CS154 Project #2

Due Wednesday, February 23, 2000, 3:15PM

Simulating a Finite Automaton

Your program should take two inputs:

  1. A file containing a regular expression R in the notation used for Project 1.

  2. A file containing a string of characters w.

That is, your program, perhaps called myProg should be able to run with the command line

     myProg reFile dataFile
where reFile is a file containing a regular expression, and dataFile is a file containing the data that will be input to the resulting FA.

We will also accept programs that take a different input form, if you are more comfortable with that. For example, you might want to concatenate the RE in front of the data file, and use only the standard input. However, if you do so, better make sure that you have a way of telling where the RE ends.

Your output should be an indication (discussed below) of at what points in string w, the automaton for the regular expression .*R accepts. Notice that while R might be a simple pattern, say abc, what you are looking for is all the positions in R where abc occurs. Thus, the regular expression you match against w is not R, but .*abc, i.e., anything followed by abc.

Presumably, your program will modify R to become .*R, then feed that expression to your program from Project 1. The new code you write for this project will simulate whatever kind of automaton your code from Project 1 produces. If for some reason you can't handle the ``.*'' then an alternative is to start your automaton at every character of w, and simulate all these (copies of) automata, throwing them away when they reach a dead state.

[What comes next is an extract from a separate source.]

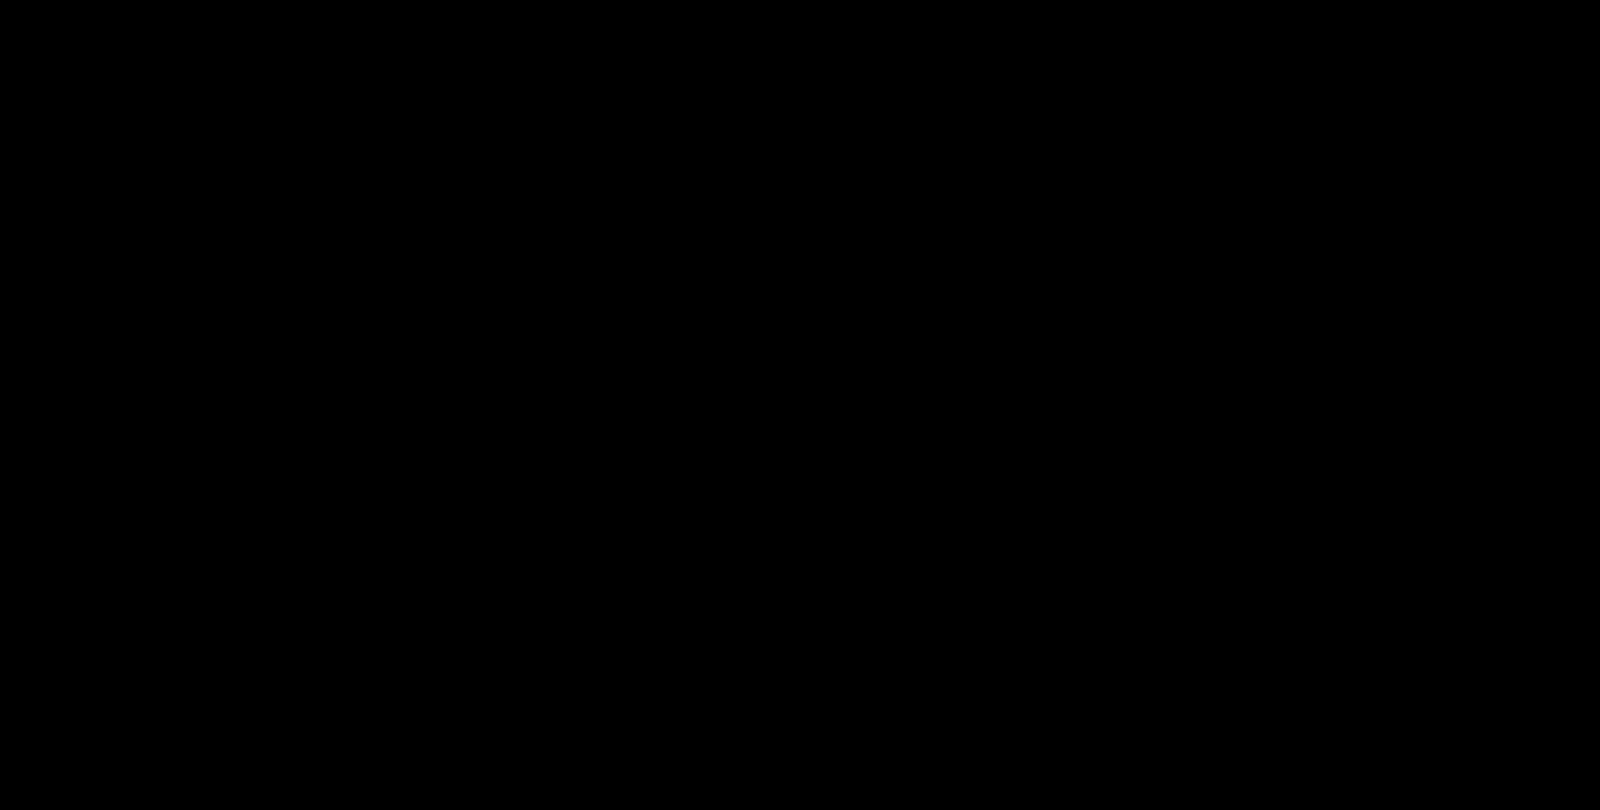 dsf_logo_uk_black_rgb.png

We strongly advise you to design your program to ignore any input character that the automaton cannot use. The reason is that we can not be sure the 100Mb of text we downloaded doesn't have some weird character that is not part of the usual 128 ASCII set. If there is even one such character, the FA will die on reading it, and you won't be able to find anything beyond that point. Note that reading an unexpected character is different from reading an expected character that leads to a dead state (or, if the FA is an NFA, having no transitions on that character).

Response to Acceptance

You may find that your automaton accepts many times as it reads w. Each time it does so, it has just seen something that matches the pattern of R. But what? The answer is that it is hard to tell, unless you take the alternative mentioned above, where you start the automaton for R at each character (and we do not advise this approach, but will accept it). Two possibilities:

  1. Produce in the output the previous n characters of w, say the last 100 characters.

  2. Produce the line containing the point at which the acceptance occurs.

Either way, you have to ``buffer'' w, that is, remember the last so-many characters. You can make a reasonable assumption about how long lines could ever be, if you choose line-based output.

What to Hand In

  1. Your code. Submit it using the submit command as per Project 1.

  2. A writeup telling us:

    a)
    The essential idea(s) behind your simulation.

    b)
    Several examples of RE's and strings that you compiled, and the resulting output.

    c)
    We shall also distribute several examples, and you should show us your results on these.